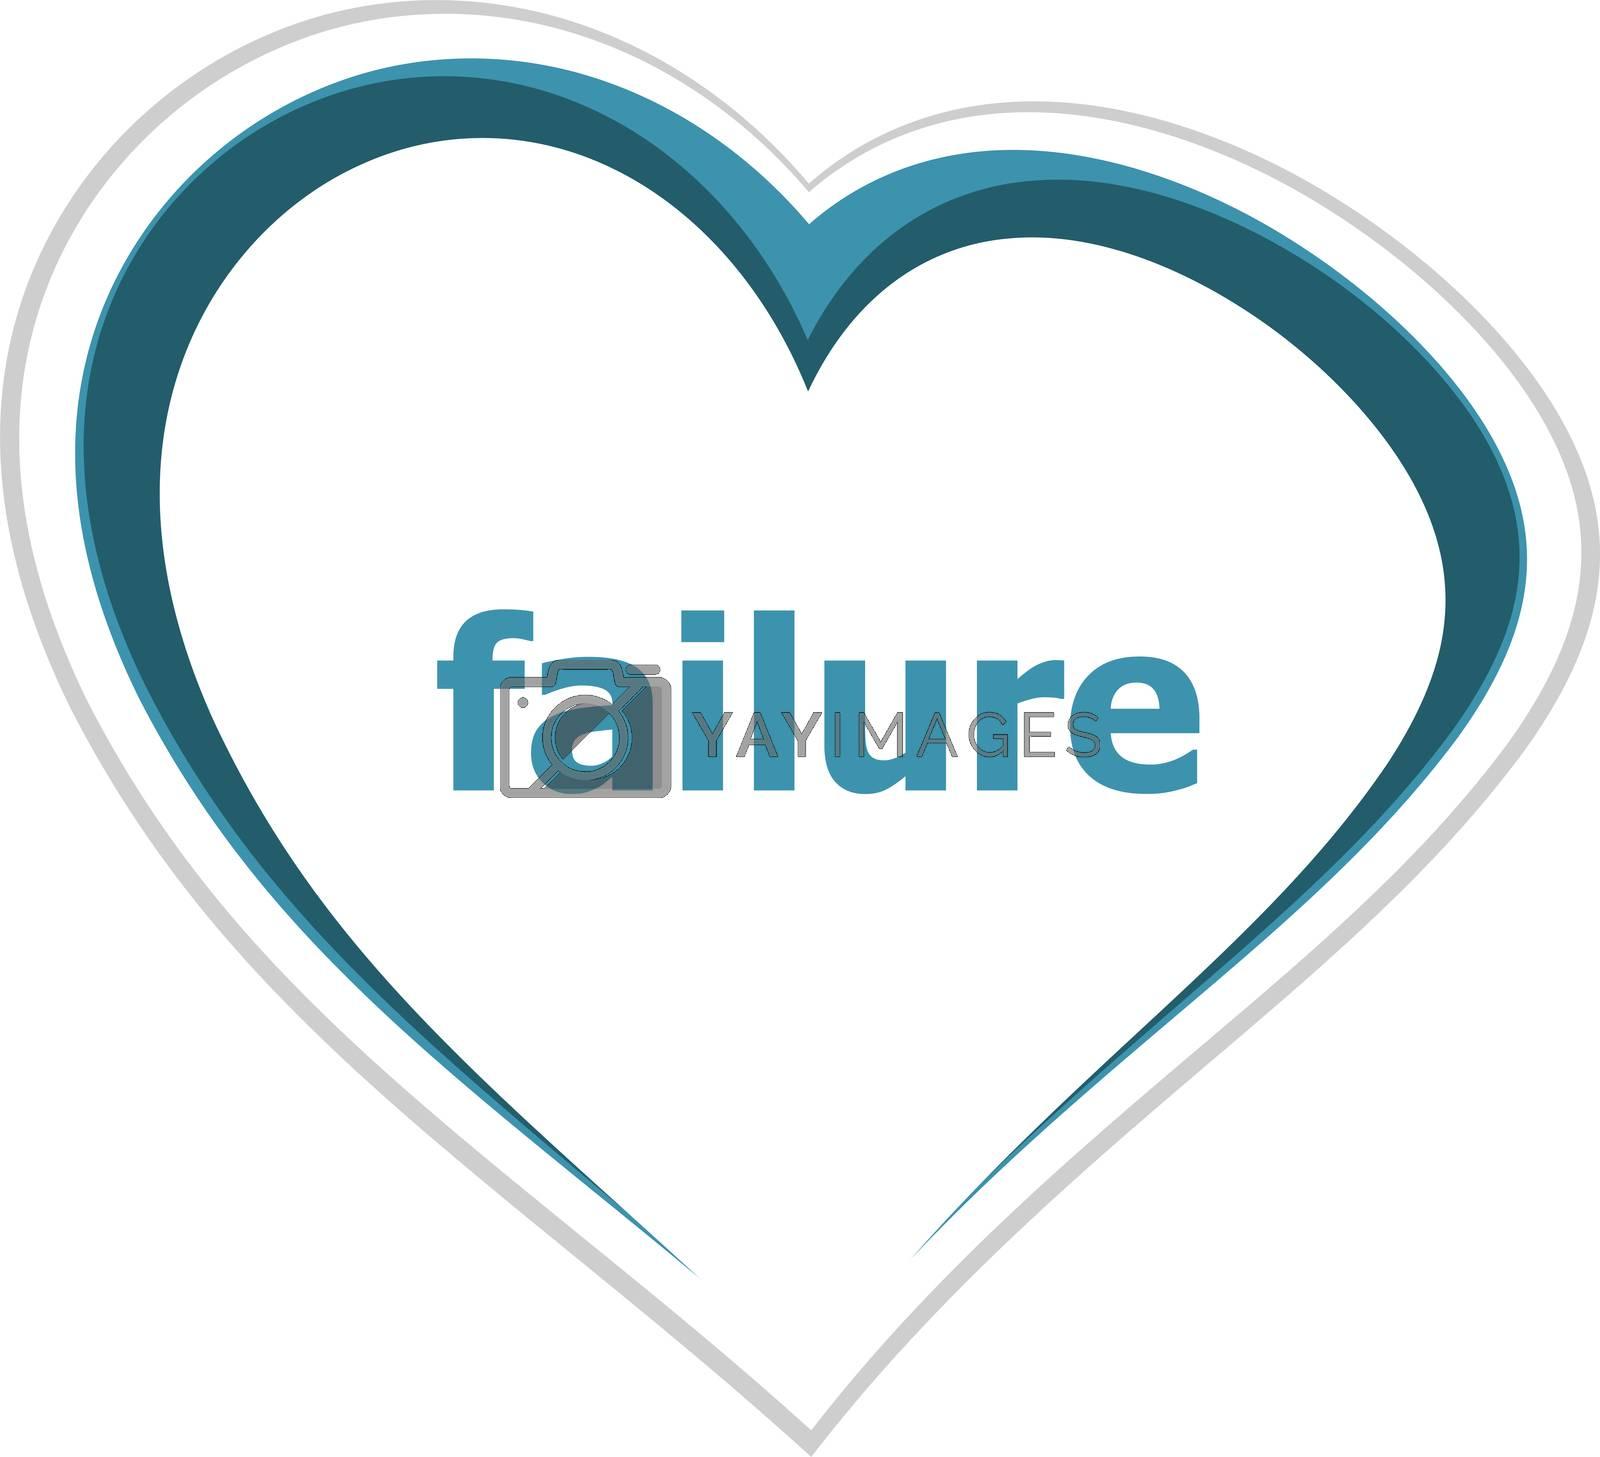 Text Failure. Finance concept
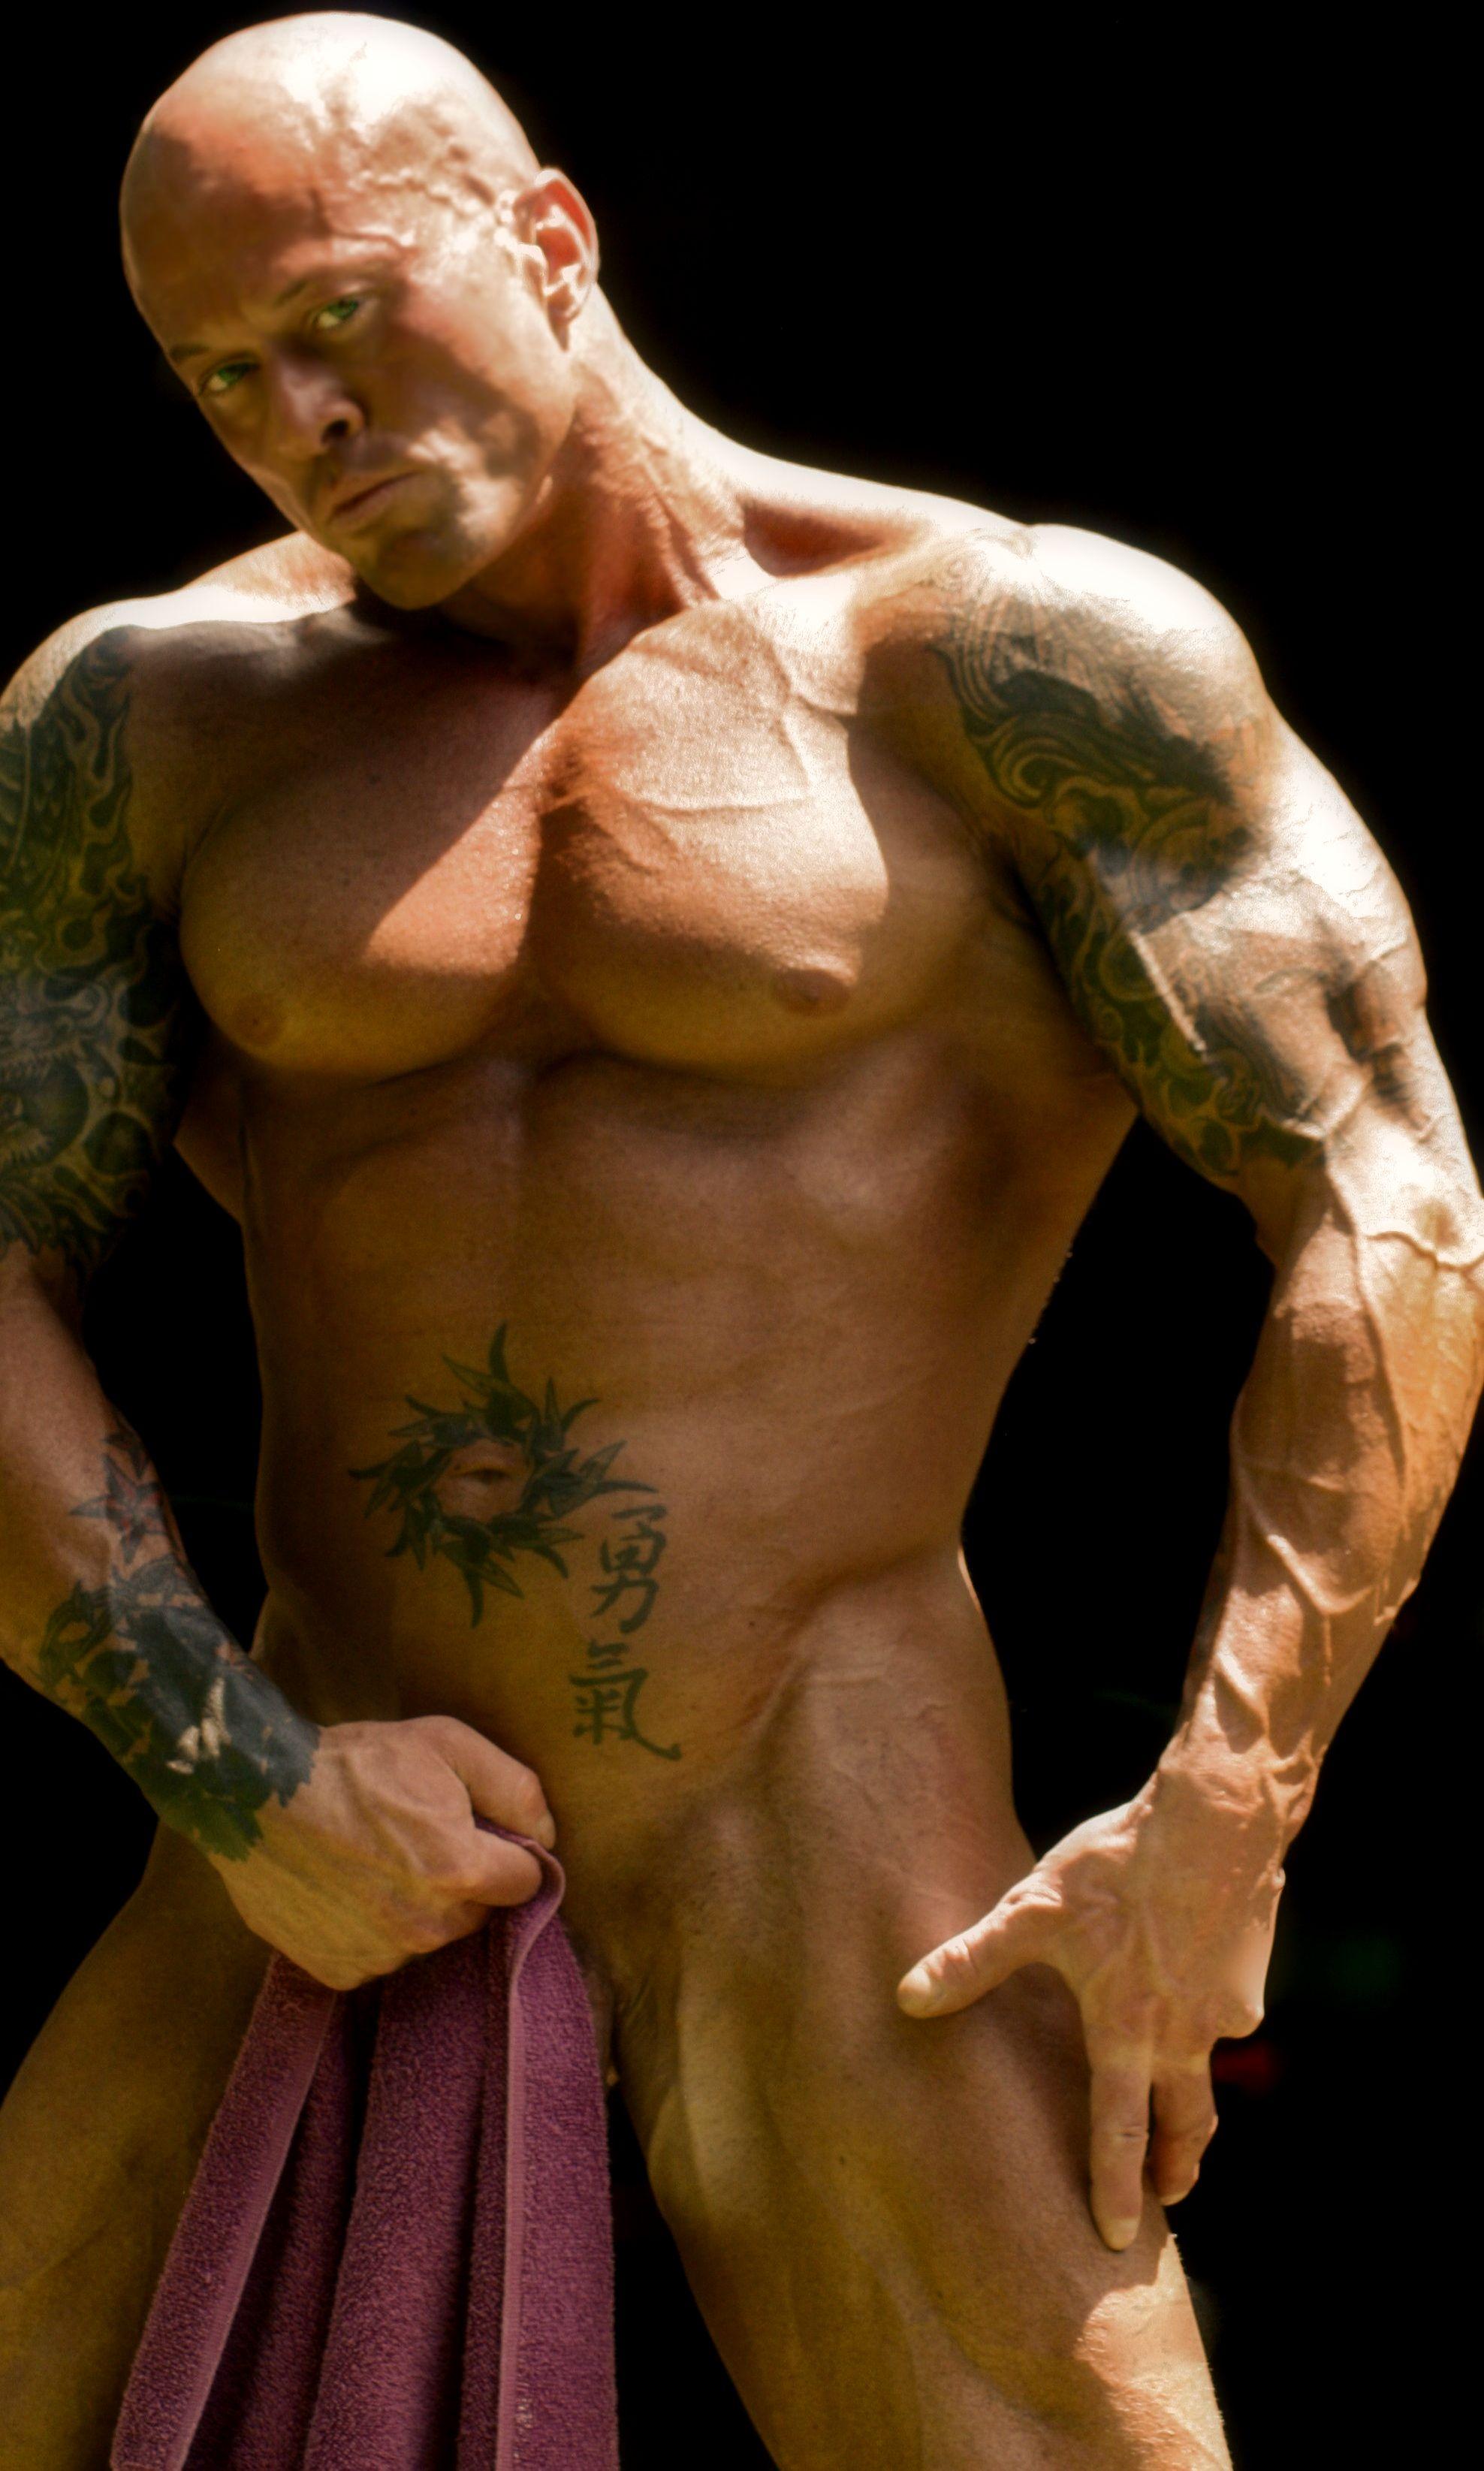 Tattooed Male Romance Fashion Physique Model John Joseph Quinlan Plagirl Theme Shoot #JohnQuinlan
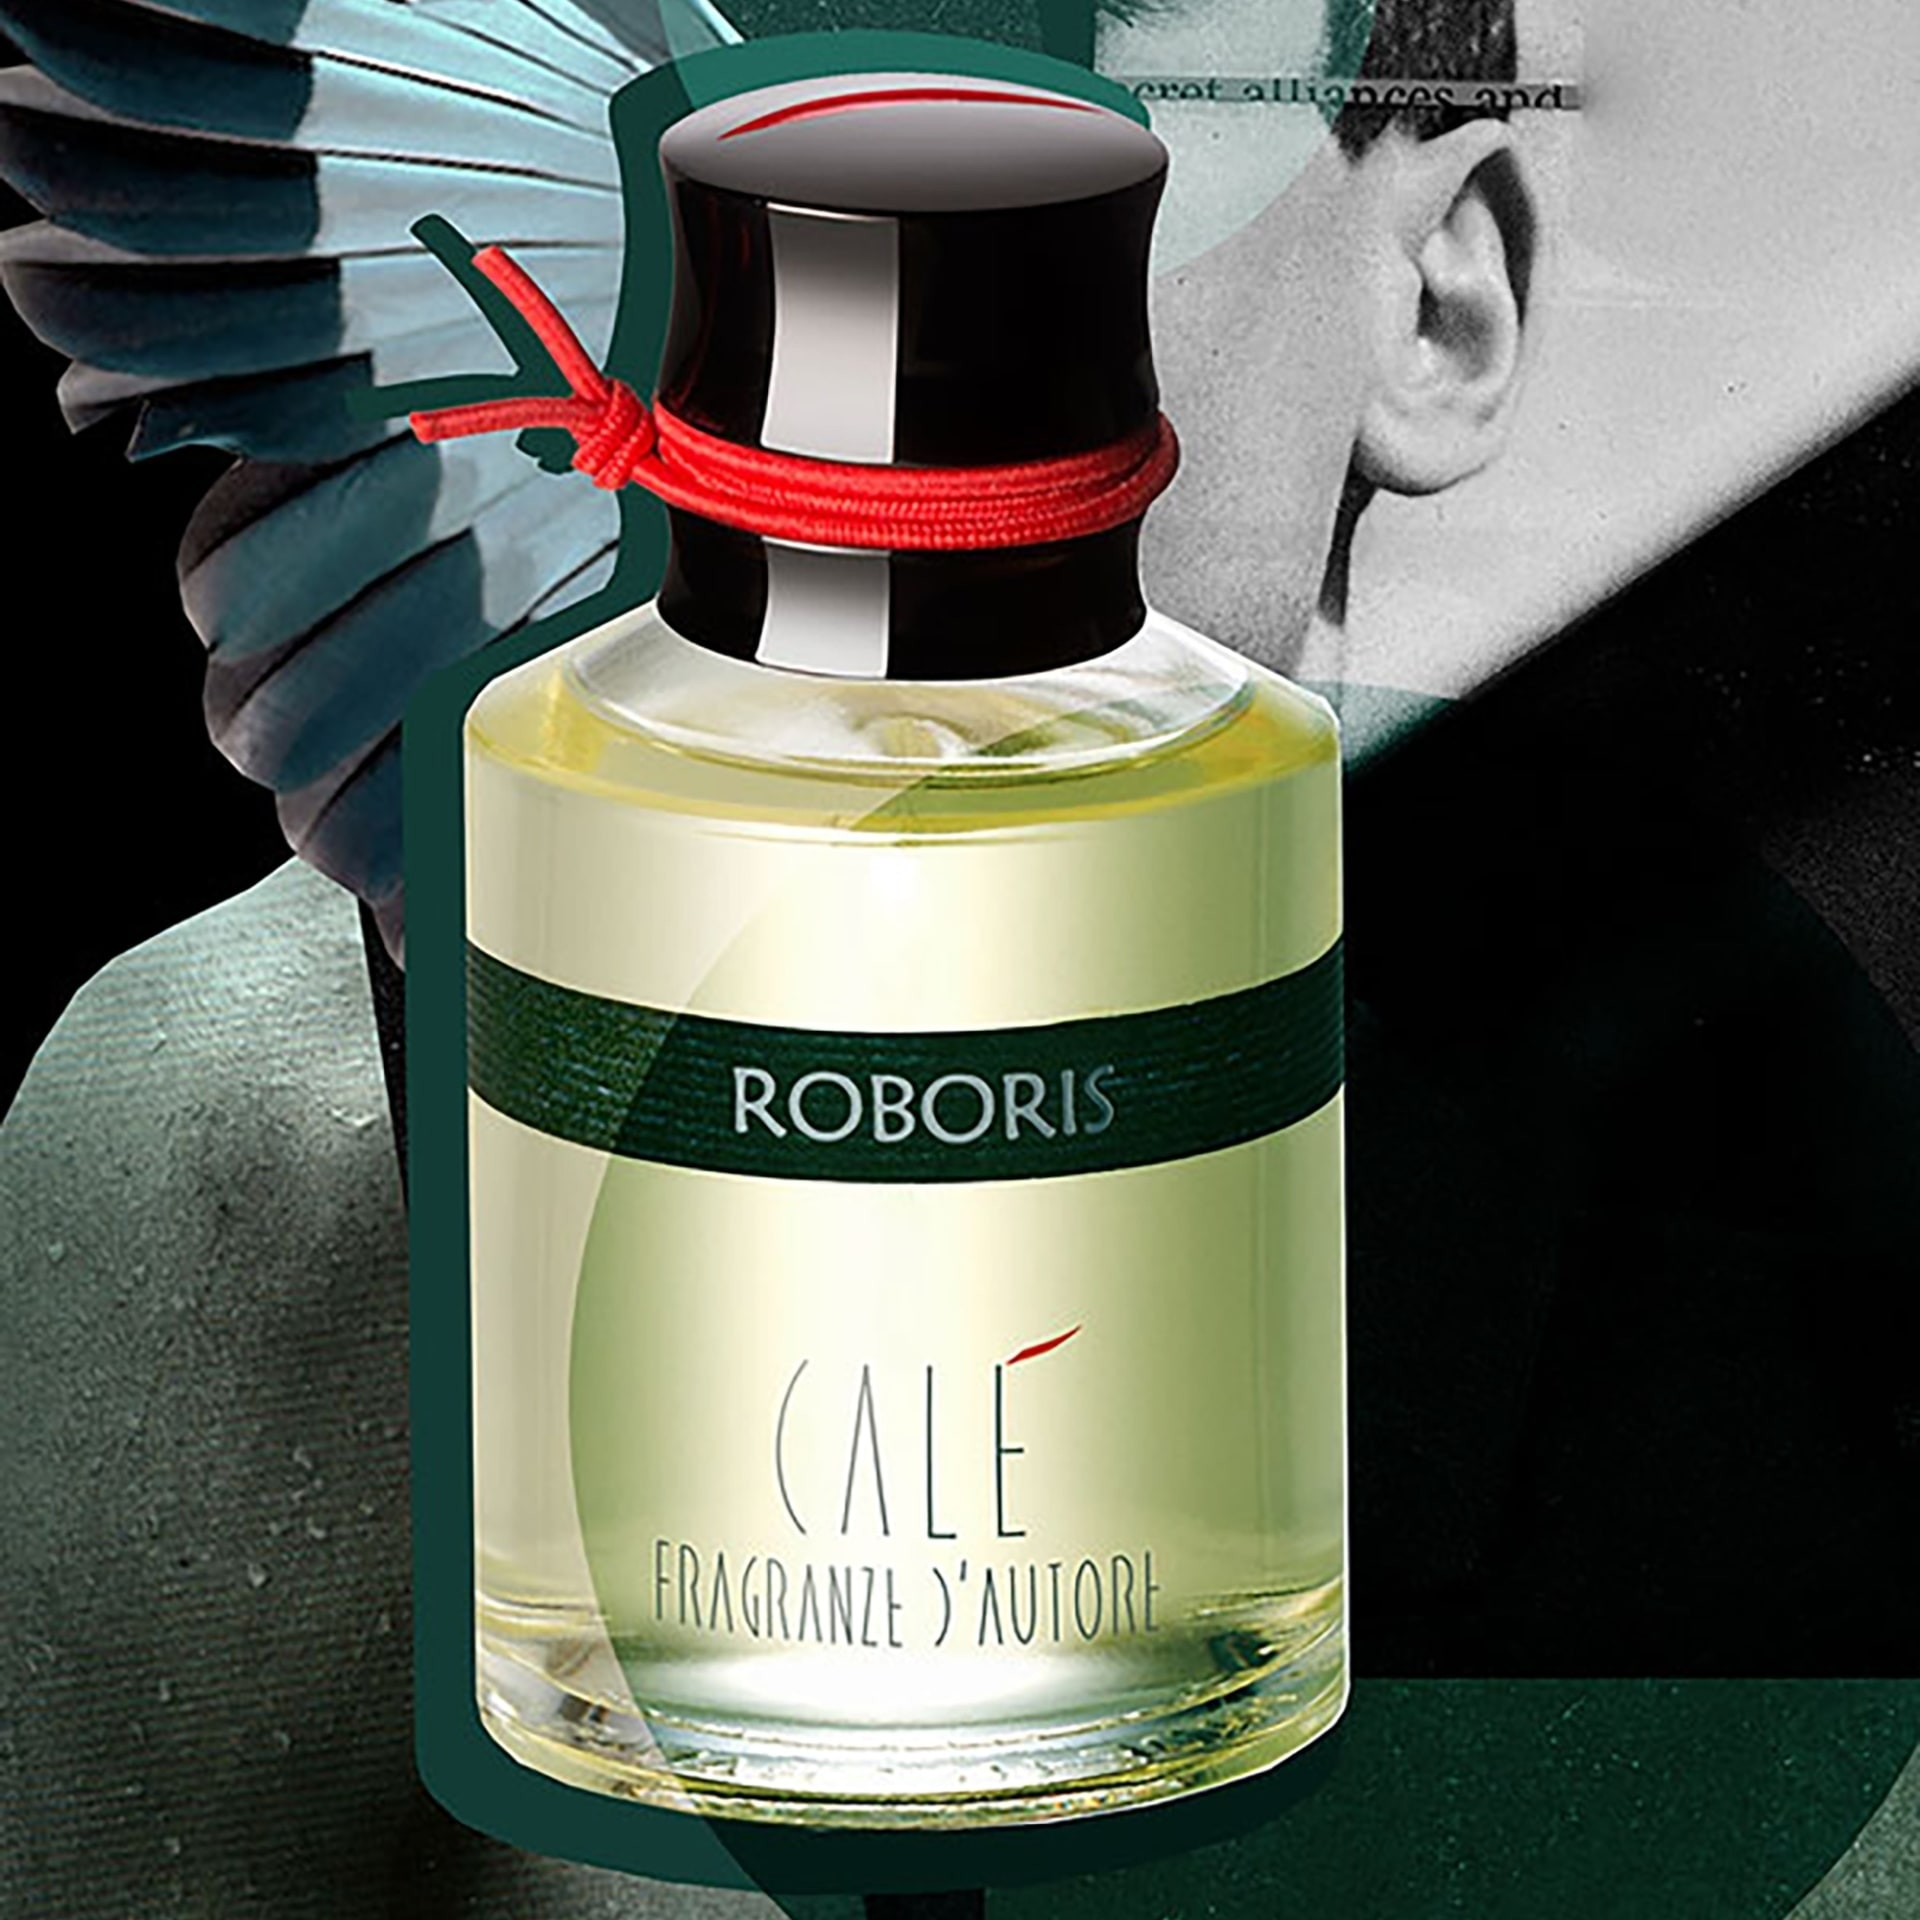 cale-fragranze-dautore-roboris-1

------------------------------------------------------------

◆ PROBLEM REQUIREMENTS: With the pictures removed, write the listing out word for word.

◆ ANSWER FOR THIS EXERCISE:
 Text Failure. Finance concept
 Tattooed Male Romance Fashion Physique Model John Joseph Quinlan Plagirl Theme Shoot #JohnQuinlan
 cale-fragranze-dautore-roboris-1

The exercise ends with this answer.